Hello all,
I am trying to implement rotational symmetry for an SOS problem. In particular, I followed the example problem here: Dihedral symmetry of the Robinson form · SumOfSquares.
My goal is to use a cyclic group instead for a simple rotation symmetry, I don’t need to implement the rotation piece, and this resulted in the following code.
using DynamicPolynomials
using SumOfSquares
using Mosek
using MosekTools
using PermutationGroups
using GroupsCore
using SymbolicWedderburn
include("/Users/elizabethc/Documents/Code/JULIA_SOS_Couette/CyclicGroup.jl")
struct CyclicAction <: Symmetry.OnMonomials end
SymbolicWedderburn.coeff_type(::CyclicAction) = Float64
@polyvar a[1:6]
poly3 = sum(a.^2)
function SymbolicWedderburn.action(::CyclicAction, el::CyclicGroupElement, mono::AbstractMonomial)
var_a3, var_a4 = a[4], a[3]; var_a5, var_a6 = a[6], a[5]

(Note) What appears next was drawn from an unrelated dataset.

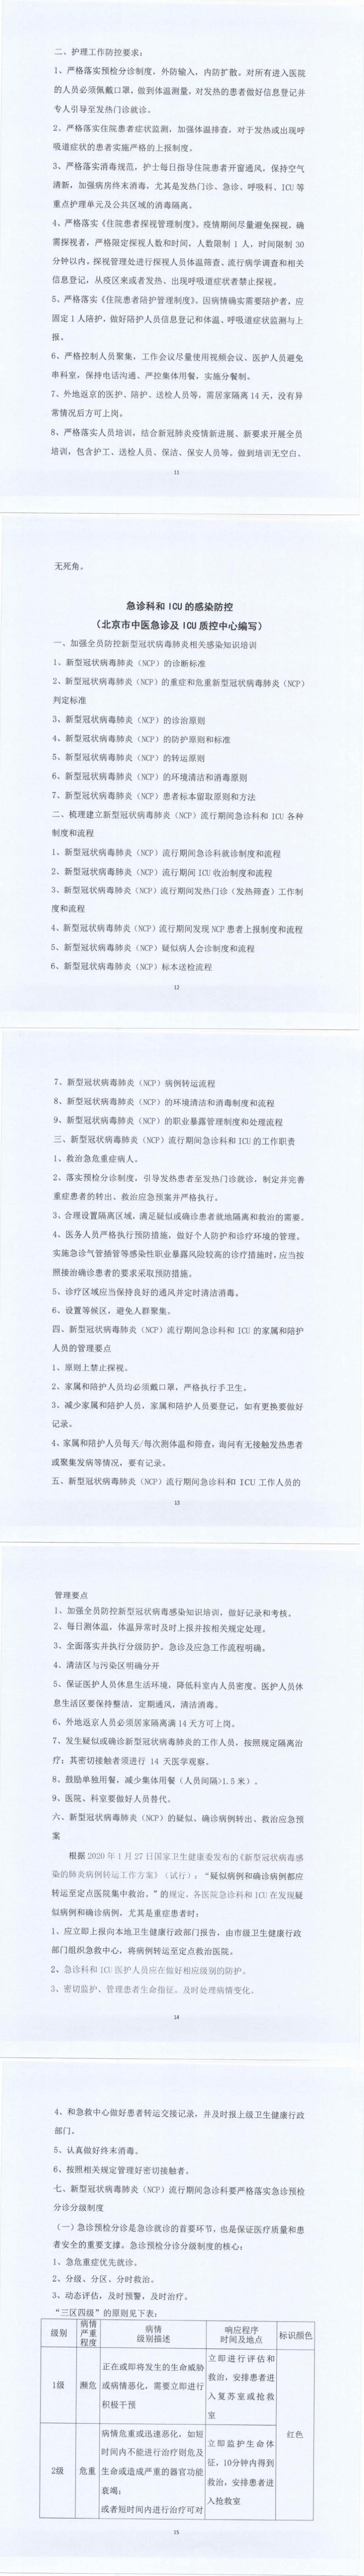 关于北京市中医医疗机构感染防控的指导意见_11-15_0.jpg

sign_aodd = 1 <= el.residual <=2 ? -1 : 1
sign_aeven = 2 <= el.residual ? -1 : 1
return mono([a[1], a[2], a[3], a[4], a[5], a[6]] => [a[1], a[2], sign_aodd*var_a3, sign_aeven*var_a4, sign_aodd*var_a5, sign_aeven*var_a6])
end
G = CyclicGroup(4)
pattern3 = Symmetry.Pattern(G, CyclicAction())
model3 = SOSModel(Mosek.Optimizer)
@variable(model3, α3)
con_ref3 = @constraint(model3, poly3 >= α3, symmetry = pattern3)
optimize!(model3)
@show termination_status(model3)
@show objective_value(model3)
This yields an infeasible result using the optimization toolbox Mosek, and an empty constraint result using the optimization toolbox CSDP, which makes no sense since polynomial poly
is sum-of-squares by definition But, if I check that the symmetry is being correctly implemented using the following for loop
for g in G
@show SymbolicWedderburn.action(CyclicAction(), g, poly)
end
it shows that the polynomial is invariant under the claimed rotation, as it should be. We can check the proper symmetry is being imposed with lin = sum(a)
.
To see if I understood some structure incorrectly, I went back to the dihedral Robinson from example from the JuMP/SumOfSquares documentation, and thought to implement the exact same method, but instead of the polynomial being the Robsinson form p(x,y), I generalized it so that we have the new polynomial P(x_1, x_2,y_1,y_2) = p(x_1,y_1) + p(x_2,y_2). The Wedderburn action should be the same but now adjusted to make sure that the rotations and reflections are happening to (x_i,y_i), a very easy adjustment, and easily checked again by the for loop. If I then attempt to run the optimization model, I receive the following error, with a corresponding stacktrace:
ERROR: No permutation can make [[0.0 1.0; -1.0 0.0], [0.0 -1.0; -1.0 0.0]] and [[0.0 1.0; -1.0 0.0], [0.0 1.0; 1.0 0.0]] match
If I change the polynomial to a sum-of-squares, it declares feasibility and then gives me an optimal value t=-7.740740..., which is completely incorrect it should be 0. I can’t make heads nor tails of these errors, and the only person I know in my group who has experience with this is hypothesizing that it is actually a symmetry package compatibility issue with SOS. Any insight on what the issue might be would be greatly appreciated.